Why is important to Social work; The social justice slant:
• What kind of disaster preparedness do we have? Is it a failure of government that doctors and nurses are put into these situations?
• Poe asked this question in national conference of hospital disaster planning, “how long should health care workers have to be with their patients who may not survive?”
• Fink (news investigator) asked these questions in her article: “Which patients get limited care, and who decides? Where is the line between appropriate care and mercy killing?
• Is what happened at Memorial ethical or is it illegal?
• Also mentioned were the issues/concerns of euthanasia (assisted suicide)?
• Tracy Washington (a civil rights attorney), also interviewed on Democracy Now, noted that recovery in New Orleans was based on promises and not based on rights. She mentioned Charity Public Hospital, a teaching hospital, which was hit by the storm, is still not reopened, and that it was the best trauma one facility in the area. After Katrina, it was cleaned out and prepared to take in patients and was put into “surgery ready” condition. The state of Louisiana said that they could get money from federal government to repair the hospital, but due to lack of coordination between the state and federal government, the hospital is still closed. She also mentioned inadequate mental health services after Katrina. She said if you have a mental health crisis, the only place to go is Parish Prison, where you can be locked up for 30 day. She brought up issues of race and class status pertaining to housing. She said the most marginalized people, Blacks and Hispanics, are having difficulty returning home. They got a one-way ticket and no way of affording to get back. She said, “It affects this community, it affects how we live and it affects the color of this community.” Has the recovery plan of New Orleans failed to include comprehensive health and mental health services?

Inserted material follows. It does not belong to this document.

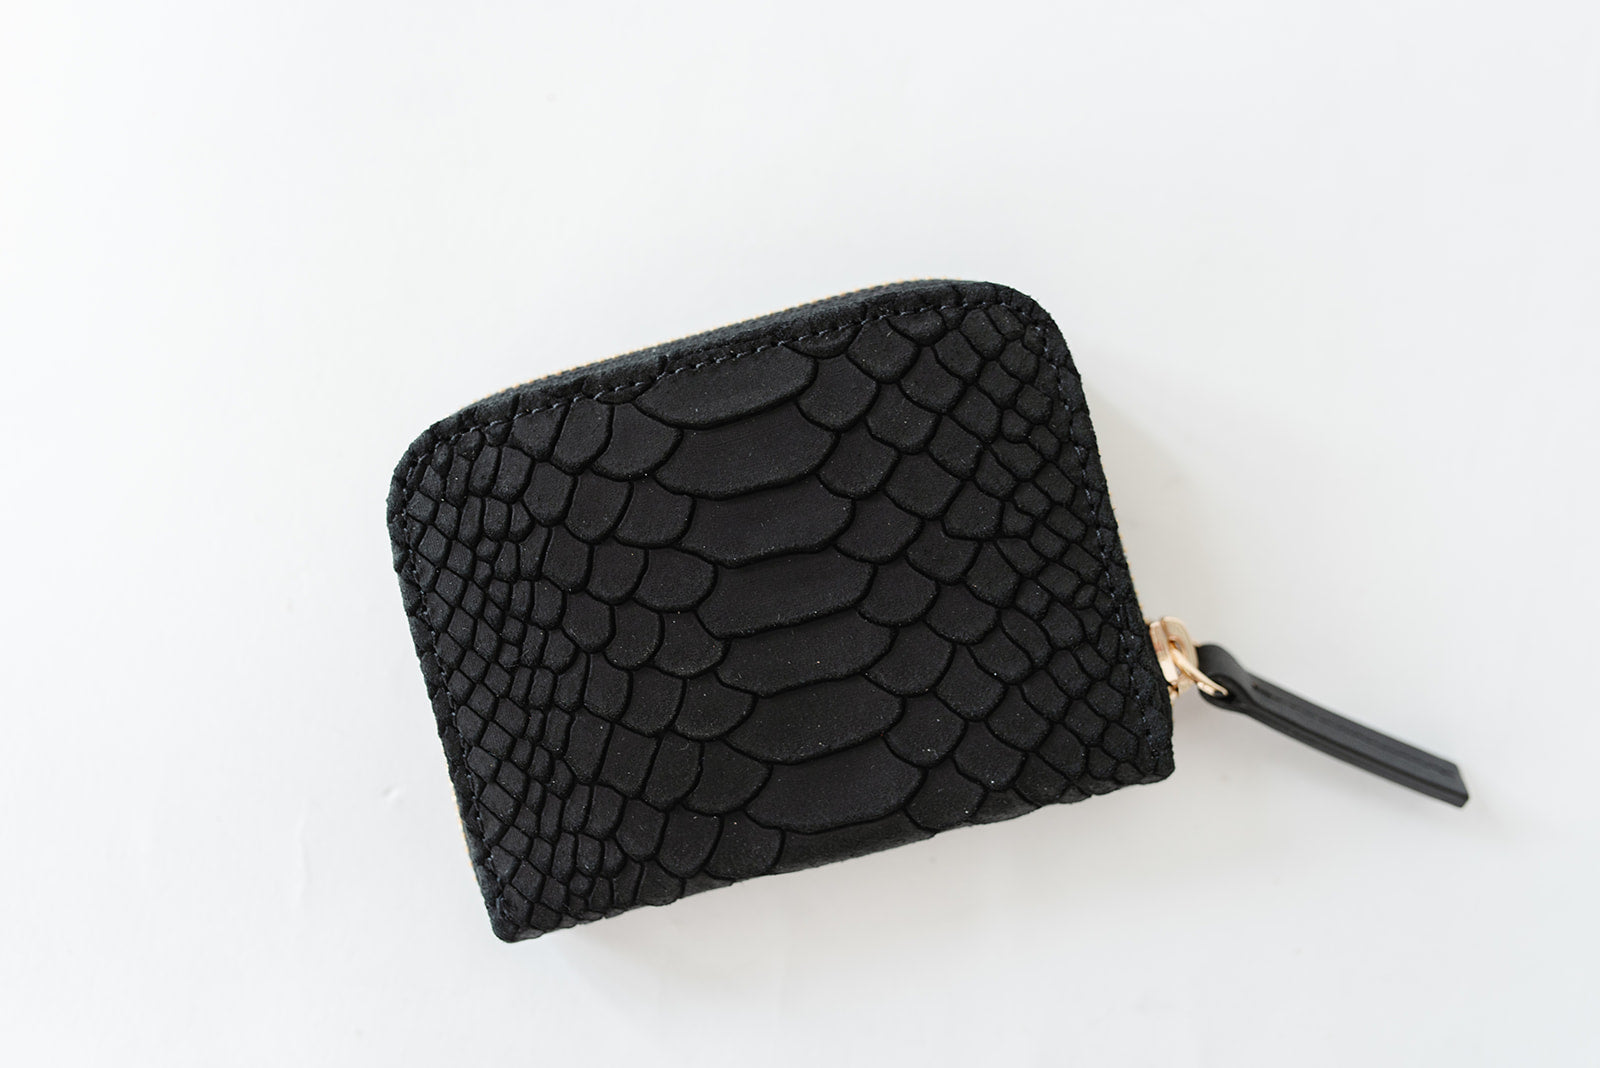 Sorella Handbags and Accessories Italian Leather

• Also on Democracy Now activist Rebecca Solnit, who studies disaster sociology, made a powerful point that amidst the chaos of disaster, a sense of community was built. She wrote a book called A Paradise Built in hell: The Extraordinary Communities that Arise in Disaster. She wonders how did they come together? Improvised communities were built up all over New Orleans yet the media framed a picture savageness and fear amongst people. A sense of joy in helping each other was achieved but not talked about. Normal roles and boundaries were removed, and people had to make strong decisions to take care of each other, really people came together. The truth is that the majority of people were altruistic, generous and heroic. They displayed courage.

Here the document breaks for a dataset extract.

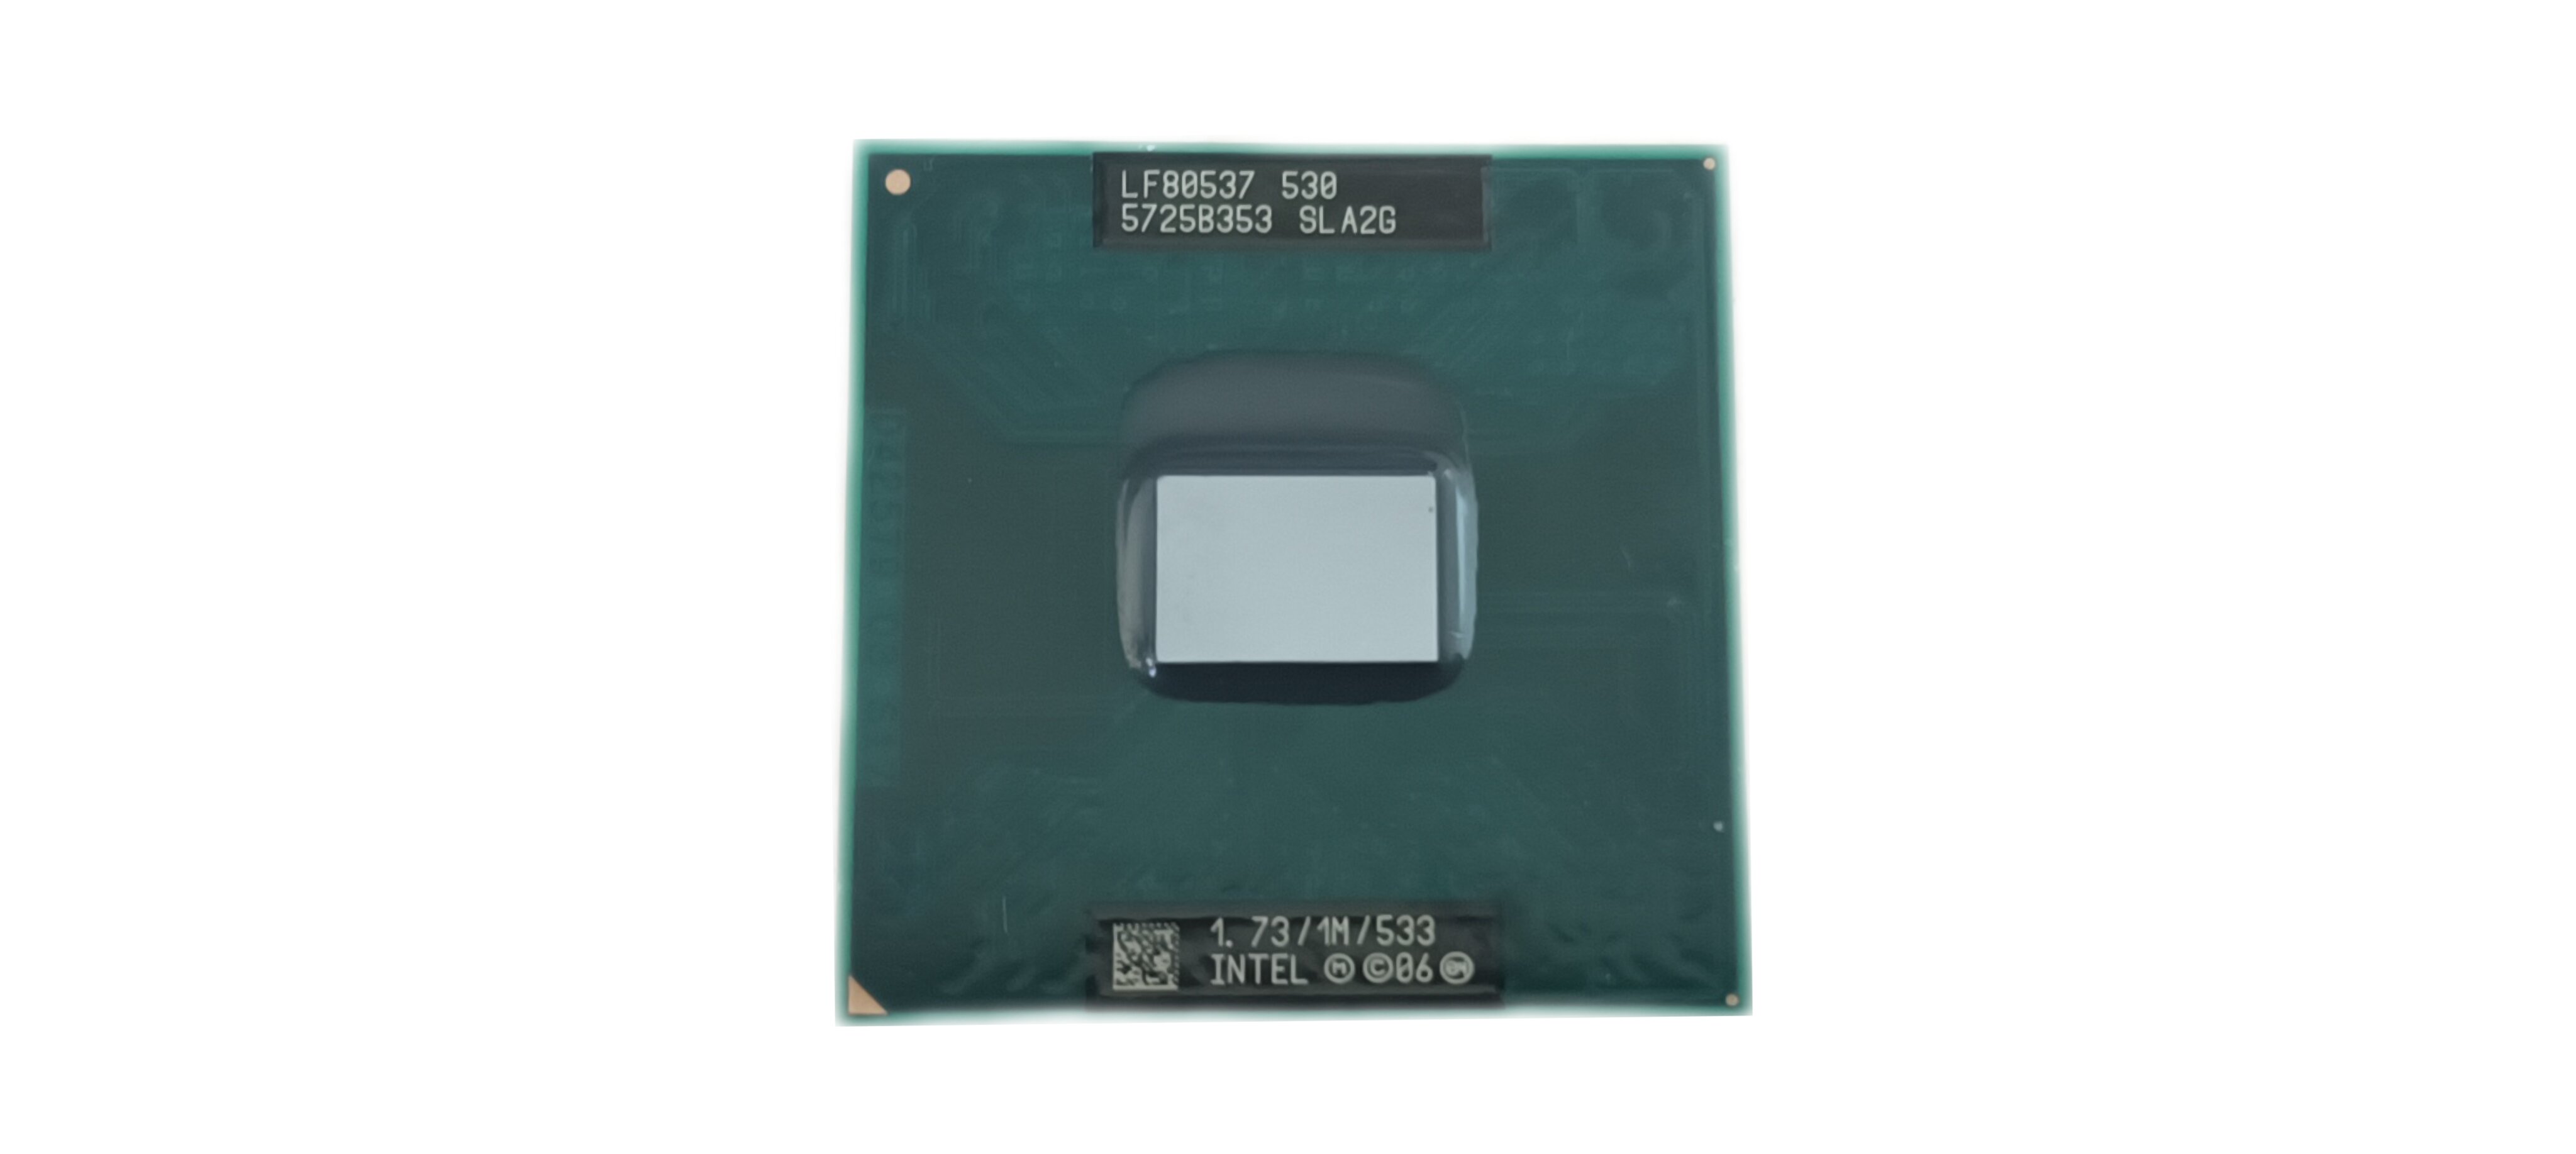 Процессор для ноутбука Intel Celeron M530 [1M Cache 1.73 GHz 533 MHz]

As I reflect back on my own training as a certified EMT and Wilderness First Responder, and soon to be social worker, I wonder what decisions I would have made under those same conditions. Has anyone trained or actually done CPR for more than two minutes? It gets very tiring fast. What values do we as a sociality hold against the sick and ageing? As a social worker, what social justice ethics does this bring up? What policies can we lobby for to protect ALL people in future natural disasters? What inequalities and injustices were made against people of color and low economic status? How can we take the ideas of building healthy and positive communities and put them into practice not only after disaster strikes? These questions came to me as I read and listened to the stories told about the decisions made Memorial Hospital. I don’t necessarily have the answers, it just brings up so much, but find it important to consider when talking about human rights.

References
Fink, S. (2009) Strained By Katrina, a Hospital Faced Deadly Choices. New York Times Magazine. Retrieved 9/8/09: http://www.nytimes.com/2009/08/30/magazine/30doctors.html?_r=2&scp=1&sq=%93T e%20Deadly%20Choices%20at%20Memorial%94%96Investigation%20of%20New%2 Orleans%20Hospital%20Tells%20Story%20of%20How%20Medical%20Staff%20Euth nized%20Patients%20in%20Katrina%20Aftermath&st=cse
Goodman, Amy (August 31, 2009). Democracy Now: The War and Peace Report (Radio Broadcast). Pacifica Public Broadcast.